» ABOUT THIS EXERCISE: Below are lines of data; restate word for word those running from the line containing "a38ab789637 Lyst - Steve" to the line containing "Steven-Kostanski-Psycho-Goreman-PG-scaled", inclusive, and no others.

[[ RECORDS FOR THE EXERCISE open ]]

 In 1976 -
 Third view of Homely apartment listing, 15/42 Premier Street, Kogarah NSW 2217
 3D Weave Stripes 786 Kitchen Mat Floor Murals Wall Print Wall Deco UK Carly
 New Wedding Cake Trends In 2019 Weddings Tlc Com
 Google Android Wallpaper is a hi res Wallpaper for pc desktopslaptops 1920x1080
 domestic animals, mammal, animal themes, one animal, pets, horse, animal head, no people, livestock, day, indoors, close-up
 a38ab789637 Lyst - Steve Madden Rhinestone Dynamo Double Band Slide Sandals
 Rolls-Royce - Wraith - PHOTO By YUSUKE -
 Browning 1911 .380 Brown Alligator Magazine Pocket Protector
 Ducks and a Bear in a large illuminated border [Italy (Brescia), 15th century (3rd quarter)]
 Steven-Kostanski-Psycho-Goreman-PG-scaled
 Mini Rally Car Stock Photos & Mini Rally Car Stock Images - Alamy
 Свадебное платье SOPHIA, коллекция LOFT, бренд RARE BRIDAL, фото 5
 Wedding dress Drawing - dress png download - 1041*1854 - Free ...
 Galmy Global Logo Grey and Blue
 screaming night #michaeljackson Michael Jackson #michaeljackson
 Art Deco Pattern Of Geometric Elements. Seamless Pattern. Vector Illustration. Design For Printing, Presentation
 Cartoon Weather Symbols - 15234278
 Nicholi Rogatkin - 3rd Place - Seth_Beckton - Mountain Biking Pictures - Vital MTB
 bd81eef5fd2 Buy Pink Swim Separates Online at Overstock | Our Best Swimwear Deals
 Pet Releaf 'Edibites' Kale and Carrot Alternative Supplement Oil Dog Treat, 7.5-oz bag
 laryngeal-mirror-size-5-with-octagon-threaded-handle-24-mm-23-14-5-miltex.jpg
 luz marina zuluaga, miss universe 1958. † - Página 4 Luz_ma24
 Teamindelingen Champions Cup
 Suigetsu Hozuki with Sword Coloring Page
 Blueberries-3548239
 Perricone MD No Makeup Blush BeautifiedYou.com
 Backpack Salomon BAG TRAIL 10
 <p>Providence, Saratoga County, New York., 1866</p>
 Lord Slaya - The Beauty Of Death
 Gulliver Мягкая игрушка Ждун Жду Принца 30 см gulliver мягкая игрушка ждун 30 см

[[ RECORDS FOR THE EXERCISE closed ]]

» ANSWER SPACE:
 a38ab789637 Lyst - Steve Madden Rhinestone Dynamo Double Band Slide Sandals
 Rolls-Royce - Wraith - PHOTO By YUSUKE -
 Browning 1911 .380 Brown Alligator Magazine Pocket Protector
 Ducks and a Bear in a large illuminated border [Italy (Brescia), 15th century (3rd quarter)]
 Steven-Kostanski-Psycho-Goreman-PG-scaled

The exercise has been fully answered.